Note: Spark temporarily prints information to stdout when running examples like this in the shell, which you’ll see how to do soon. Your stdout might temporarily show something like [Stage 0:> (0 + 1) / 1].

The stdout text demonstrates how Spark is splitting up the RDDs and processing your data into multiple stages across different CPUs and machines.

Another way to create RDDs is to read in a file with textFile(), which you’ve seen in previous examples. RDDs are one of the foundational data structures for using PySpark so many of the functions in the API return RDDs.

One of the key distinctions between RDDs and other data structures is that processing is delayed until the result is requested. This is similar to a Python generator.

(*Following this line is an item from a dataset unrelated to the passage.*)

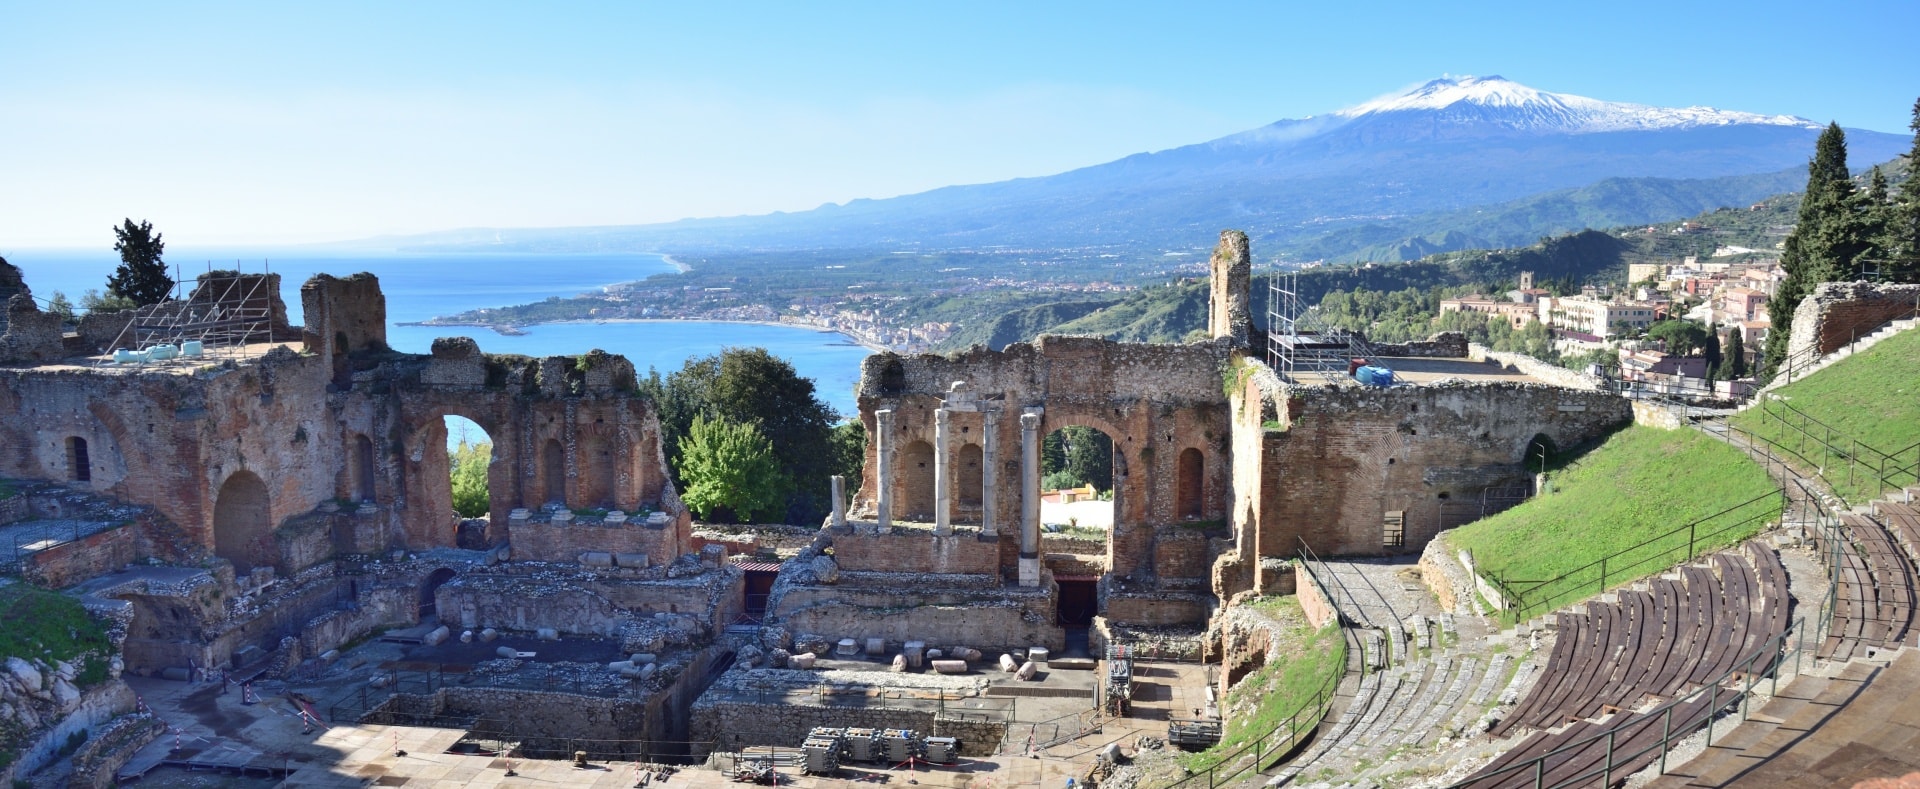 Itinerario per un week end: da Catania a Taormina

Developers in the Python ecosystem typically use the term lazy evaluation to explain this behavior.

You can stack up multiple transformations on the same RDD without any processing happening. This functionality is possible because Spark maintains a directed acyclic graph of the transformations. The underlying graph is only activated when the final results are requested. In the previous example, no computation took place until you requested the results by calling take().

There are multiple ways to request the results from an RDD. You can explicitly request results to be evaluated and collected to a single cluster node by using collect() on a RDD. You can also implicitly request the results in various ways, one of which was using count() as you saw earlier.

Note: Be careful when using these methods because they pull the entire dataset into memory, which will not work if the dataset is too big to fit into the RAM of a single machine.

Again, refer to the PySpark API documentation for even more details on all the possible functionality.

Installing PySpark

Typically, you’ll run PySpark programs on a Hadoop cluster, but other cluster deployment options are supported. You can read Spark’s cluster mode overview for more details.

Note: Setting up one of these clusters can be difficult and is outside the scope of this guide. Ideally, your team has some wizard DevOps engineers to help get that working. If not, Hadoop publishes a guide to help you.

In this guide, you’ll see several ways to run PySpark programs on your local machine. This is useful for testing and learning, but you’ll quickly want to take your new programs and run them on a cluster to truly process Big Data.

Sometimes setting up PySpark by itself can be challenging too because of all the required dependencies.

PySpark runs on top of the JVM and requires a lot of underlying Java infrastructure to function. That being said, we live in the age of Docker, which makes experimenting with PySpark much easier.

Even better, the amazing developers behind Jupyter have done all the heavy lifting for you. They publish a Dockerfile that includes all the PySpark dependencies along with Jupyter. So, you can experiment directly in a Jupyter notebook!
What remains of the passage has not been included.